Procedure in detail:

We keep the tips separate to add to the cream soup for a contrast in texture. The stems will be blended smooth.

Prepare asparagus. We want the tips of asparagus for accent, so trim those off and set aside for later. Then, if you haven’t already done so, snap off the stems to remove the woody part. We kept the woody part to make stock sometime that week. Cut the remaining stalks into pieces between 1/2 inch and an inch long. Basically, small enough that they can be blended easily, yet large enough that it’s not a lot of trouble to transfer them to the soup pot later.

Cook leeks. Melt butter in a large saucepan over medium heat. Add leeks and cook, stirring often, until tender, about 10 minutes. If you wish, sprinkle just a touch of kosher salt while they’re cooking to draw out the liquid.

cooking leeks
We love the smell of leeks cooking even better than onions.

Add garlic and thyme. Stir the garlic and thyme into the leeks and cook until the garlic becomes somewhat tender, about a minute or two. Don’t cook anything so long that it starts to caramelize; for the color of this cream soup, we want to have mainly the green from the asparagus, not the leeks and garlic.

adding flour
A couple of tablespoons of flour is enough to thicken the soup just slightly; after all, you don’t want a stick-to-the-spoon soup.

Add flour. Sprinkle the flour over the leeks while you stir it in. The flour will form a paste — technically a roux — in the bottom of the pan. Once incorporated, cook the flour for about a minute, but don’t let it brown.

cooking asparagus soup
Simmer the asparagus stems in the soup until tender, about 10 to 15 minutes.

Add broth and asparagus. While stirring the leek mixture, slowly add the broth. We like to add the broth in three additions, which seems to help prevent lumps. Once the broth is added, add the stems of asparagus (not the tips, those we’ll deal with in a moment) and bring to a low boil, stirring often. Reduce heat and simmer, stirring often, for 10 to 15 minutes.

blanching asparagus
Blanch the tips in boiling salted water until tender.
shocking asparagus tips
Rinsing with cold water will stop the cooking and lock in the green color.

Blanch and shock tips. While the soup is simmering, bring a pot of salted water to a rolling boil. Add the asparagus tips and boil for 3 to 5 minutes, or until tender. The amount of time will depend on the thickness of the tips. Once cooked, drain and immediately rinse with cold water to stop the cooking and lock in the bright green color.

blending soup
Depending on your blender and how smooth a soup you want, you might have to blend the soup for five, six minutes.

Blend.

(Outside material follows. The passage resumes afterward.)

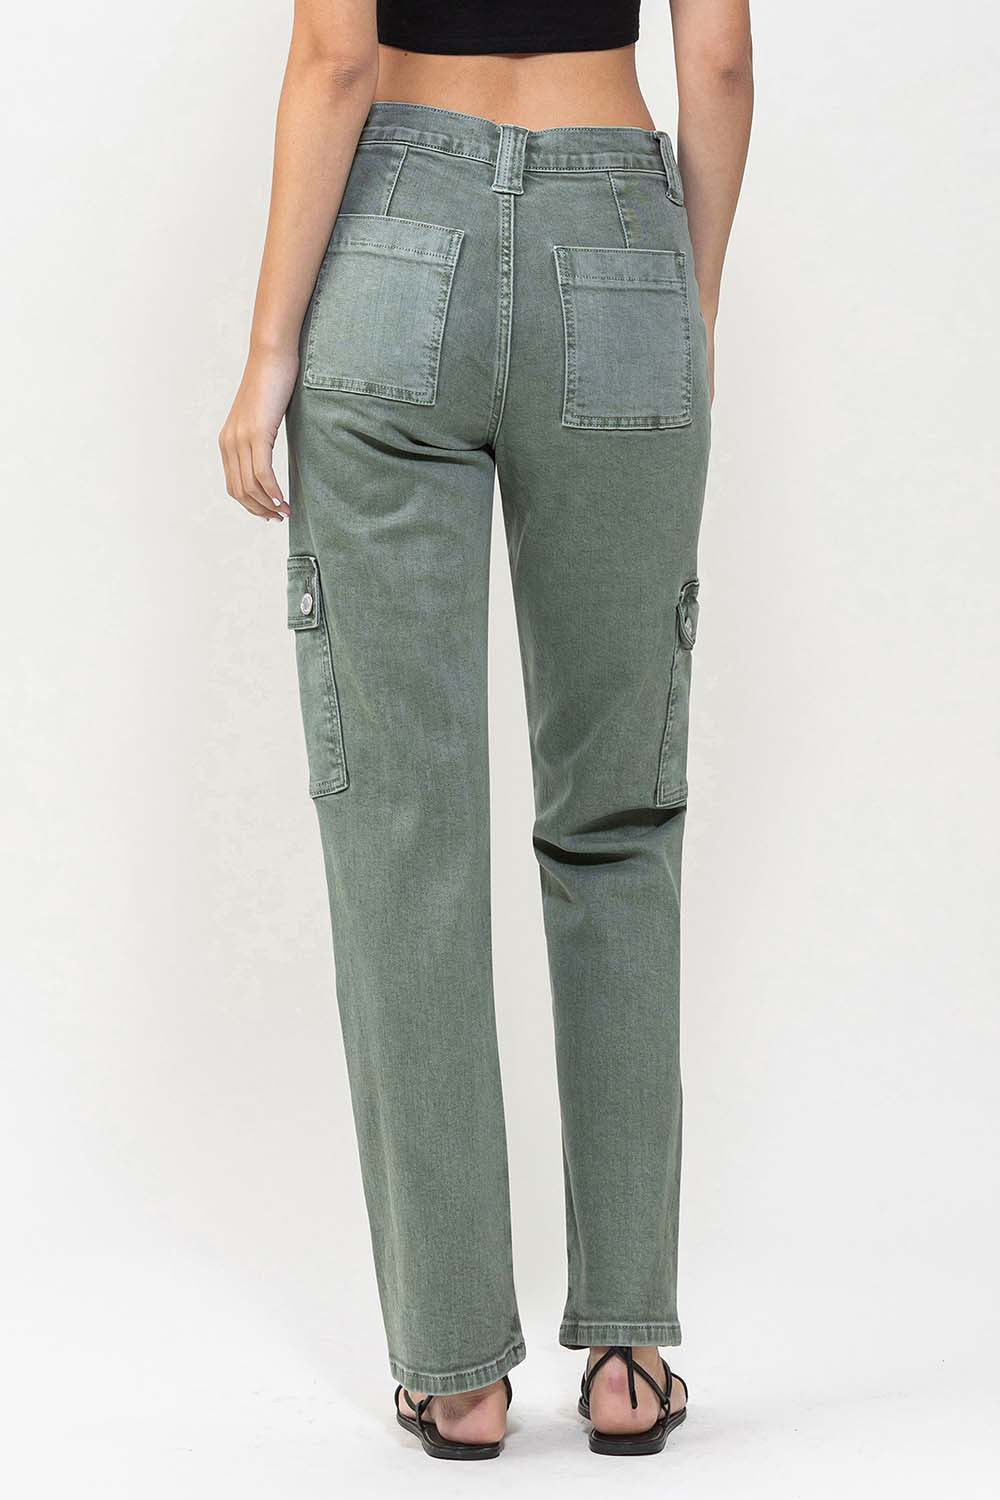 Dixie Cargo Jeans - KC Outfitter

Working in batches if necessary, blend the soup until very smooth. This may take several minutes depending on your blender, and remember: hot liquids can make the top of the blender pop off, so it’s best to vent the lid a little and hold it in place with a clean towel. Once blended return to the saucepan over medium-low heat.

adding cream
We didn’t really measure the cream; we just put in about 1/2 of a pint carton (about a cup).

Add cream and tips. Stir in the cream and the asparagus tips and slowly heat through. You don’t want to simmer the soup, just heat it, so stir and check often.

Season. Taste, and add salt and pepper as needed. Since we used scratched stock (no salt), we had to add one to two teaspoons of kosher salt to get the desired flavor. Pepper was probably about 1/4 of a teaspoon. Oh, and this would be a place to use white pepper if you have it.

serving soup
We added just a sprinkle of black sesame seeds for garnish. It looks nice, don’t you think?

Serve. Serve immediately, sprinkling a bit of black sesame seeds on top for garnish.

We loved this soup. Creamy and amazingly smooth, with a good asparagus flavor. We liked using the leeks; they were mild enough to add to the flavor, without overwhelming the delicate asparagus flavor. If there was anything we would do differently in the future, we would use more asparagus, probably about 1.5 pounds for four servings instead of just a pound. A five-star soup.

Worth the trouble?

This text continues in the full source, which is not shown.